Construction of the model

In this section, we first give the definition of the discrete Lindley distribution introduced by Gómez-Déniz and Calderín-Ojeda (2011) and Bakouch et al. (2014). We have achieved a more simplified discrete distribution than discrete Lindley distribution by taking \(1-\theta\) instead of \(e^{-\theta }\) in subsequent definition. Thus, we introduce a new lifetime distribution by compounding Exponential and Modified Discrete Lindley distributions, named the Exponential-Modified Discrete Lindley (EMDL) distribution.

Discrete Lindley distribution

A discrete random variable M is said to have Lindley distribution with the parameter \(\theta >0\), if its probability mass function (p.m.f) is given by

$$P\left( M=m\right) =\frac{e^{-m\theta }}{1+\theta }\left( \theta \left( 1-2e^{-\theta }\right) +\left( 1-e^{-\theta }\right) \left( 1+\theta m\right) \right) , \quad m=0,1,2,\ldots$$
(1)

The cumulative distribution function of M will be given by

$$P\left( M\le m\right) =1-\frac{1+2\theta +\theta m}{1+\theta }e^{-\left( m+1\right) \theta },\ \ \ \ \ \ m=0,1,2,\ldots$$

Modified discrete Lindley distribution

If \(\theta\) is limited to the range (0, 1), then we replace \(exp(-\theta )\) by \(1-\theta\) using the first degree Taylor expansion of \(exp(-\theta )\) in (1).
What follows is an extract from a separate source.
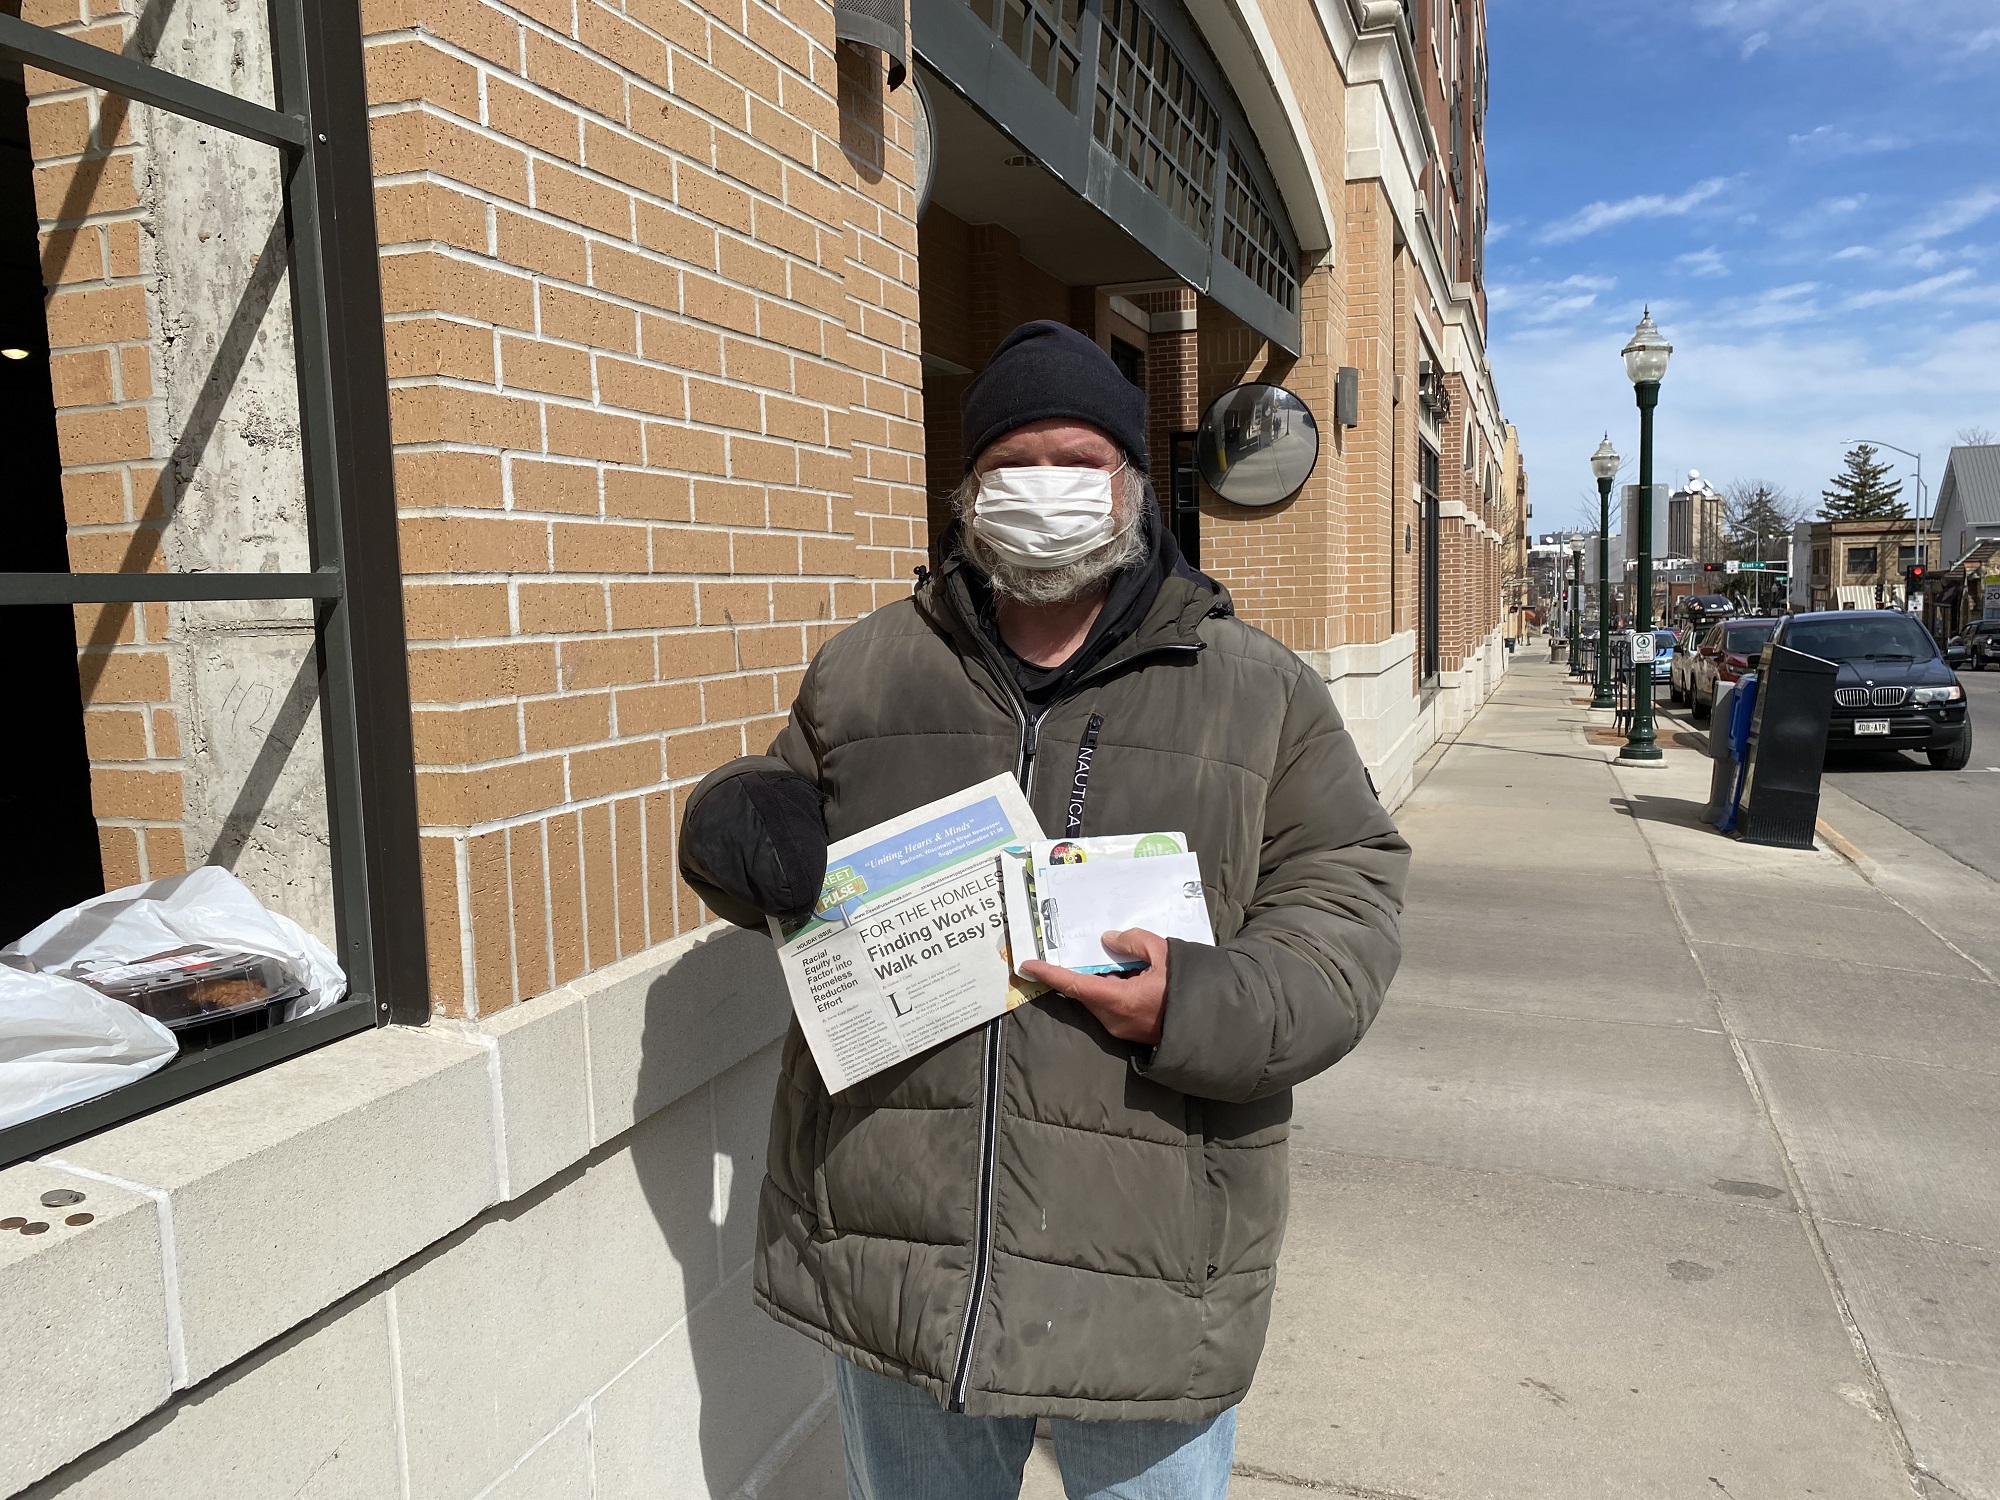 Chris Hubbard stands outside of Trader Joe’s in Madison on March 14, 2020, with the holiday issue of Street Pulse newspaper and some photography prints. It was his 52nd birthday. (Alyssa Allemand/WPR) 

The new discrete distribution is specified by the following probability mass function:

$$P\left( M=m\right) =\frac{{\theta }^2}{1+\theta }{\left( 1-\theta \right) }^m\left( m+2\right),$$
(2)

for \(0<\theta <1\) and \(m=0,1,2,\ldots\). We call this distribution Modified Discrete Lindley (MDL).

Theorem 1

MDL distribution can be represented as a mixture of geometric and negative binomial distributions with mixing proportion is \(\frac{\theta }{1+\theta }\) , and a common success rate \(\theta\).

Proof

If p.m.f in (2) is rewritten as the following form

$$P\left( M=m\right) =\frac{\theta }{1+\theta }\left[ \theta {\left( 1-\theta \right) }^m\right] +\frac{1}{1+\theta }\left[ {\theta }^2\left( m+1\right) {\left( 1-\theta \right) }^m\right] =w_1f_1\left( m\right) +w_2f_2\left( m\right),$$

then \(f_1\) indicates p.m.f of a geometric random variable with success probability \(\theta\) and \(f_2\) indicates p.m.f of a negative binomial random variable which denotes the number of trials until the second success, with common success probability \(\theta\). \(w_1=\frac{\theta }{1+\theta }\) and \(w_2=\frac{1}{1+\theta }\) denote component probabilities; in other words these are called the mixture weights (Fig. 1). \(\square\)

Fig. 1
figure 1

P.m.f of geometric, negative binomial and modified discrete Lindley

Note that MDL distribution has an increasing hazard rate while a geometric distribution has a constant hazard rate. So, MDL distribution is more useful than geometric distribution for modelling the number of rare events.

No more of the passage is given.